Uno de los aspectos más reveladores del fenómeno lo aporta la propia Luminate: el 50 % de quienes compraron vinilos en 2023 no tenían tocadiscos. El dato desmonta la idea del regreso del vinilo como simple apuesta sonora y lo sitúa claramente en el terreno cultural y simbólico.

Desde la industria, la lectura es clara. El presidente de Sony Music Iberia, Josep Maria Barbat, señala que el vinilo se ha convertido en “el formato más atractivo”, impulsado tanto por una apuesta decidida de las discográficas como por el crecimiento del número de superfans, consumidores que adquieren cualquier objeto vinculado a sus artistas favoritos, desde ediciones especiales hasta merchandising.

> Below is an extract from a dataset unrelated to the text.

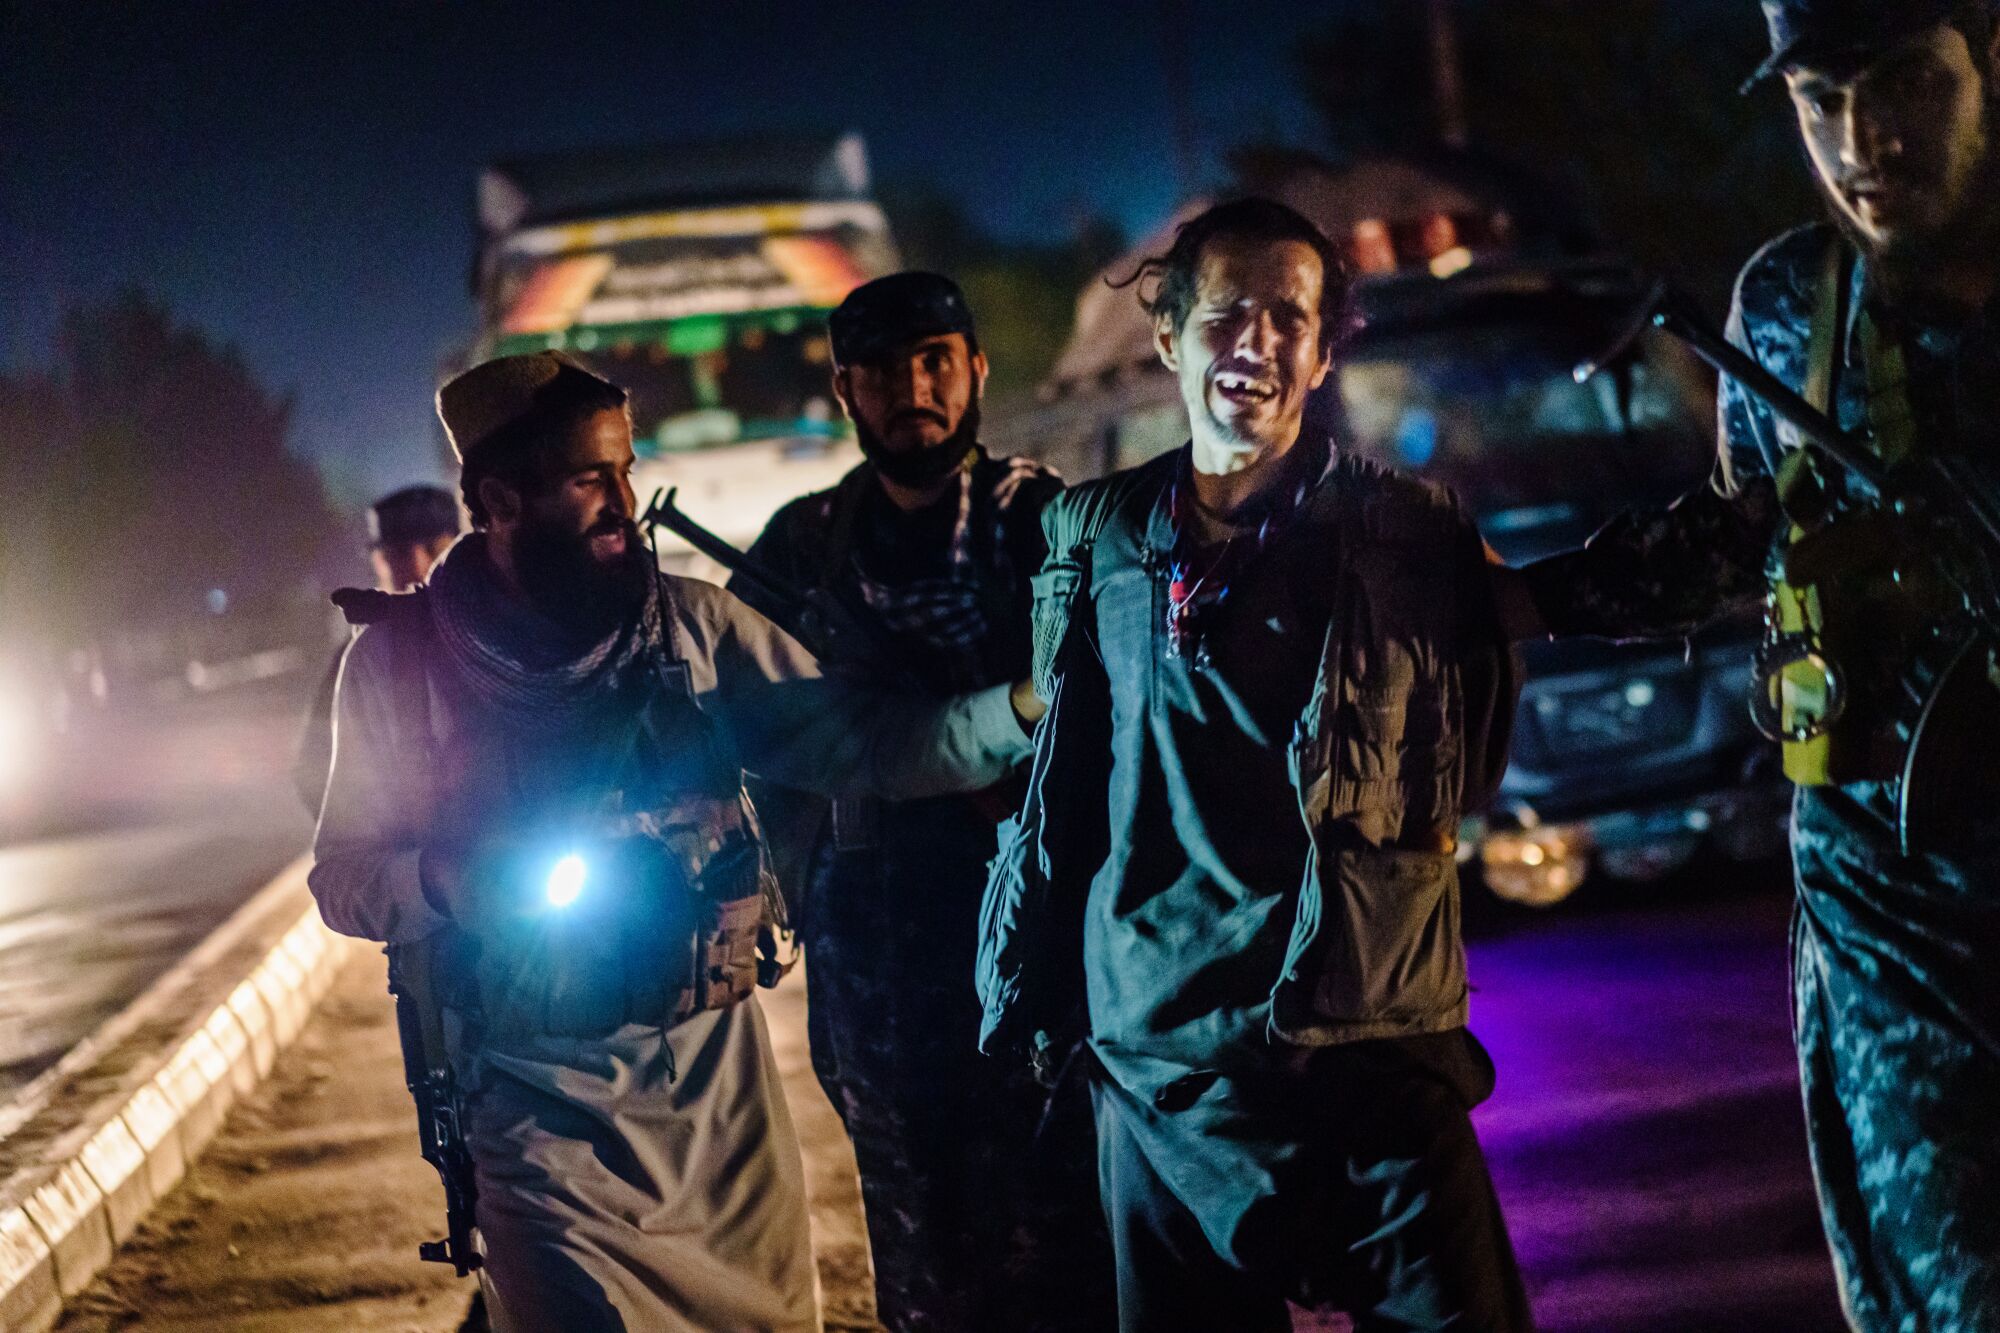 Taliban members take a man into custody.

El fenómeno tiene también una explicación generacional. Estudios y análisis culturales difundidos por Playground sobre la Generación Z apuntan a que el vinilo funciona como señal de identidad y pertenencia, muy vinculada a la lógica visual de TikTok e Instagram. Comprar discos sirve para mostrar gustos, diferenciarse y construir un relato personal frente al consumo invisible del streaming.

Más allá de la estética, el regreso del vinilo recupera una dimensión cultural que se había diluido con el CD: la importancia de la portada, el diseño gráfico y el objeto como experiencia completa. La escucha se convierte en un ritual más pausado, incluso aunque no sea cotidiano. El fetiche, lejos de ser frívolo, conecta con una tradición histórica del disco como artefacto cultural total.

Para la industria, además, el atractivo económico es evidente. Un vinilo se vende habitualmente entre 25 y 28 euros, frente a los 15-18 euros del CD, elevando el gasto medio del fan. En España, discos como El madrileño de C. Tangana o Motomami de Rosalía han superado las 30.000 copias vendidas en vinilo, cifras impensables hace apenas una década.

El boom no está exento de tensiones. Informes del sector independiente alertan de la saturación de las fábricas, el aumento de costes y la penalización de tiradas pequeñas tras el regreso masivo de las multinacionales al formato. Aun así, el vinilo ha demostrado algo poco común: ha regresado sin nostalgia obligatoria y sin necesidad de ser escuchado.

En plena era del streaming infinito, el disco vuelve como objeto, como símbolo y como declaración cultural. Para muchos jóvenes, hoy, tener un vinilo no es escuchar música: es decir quién eres.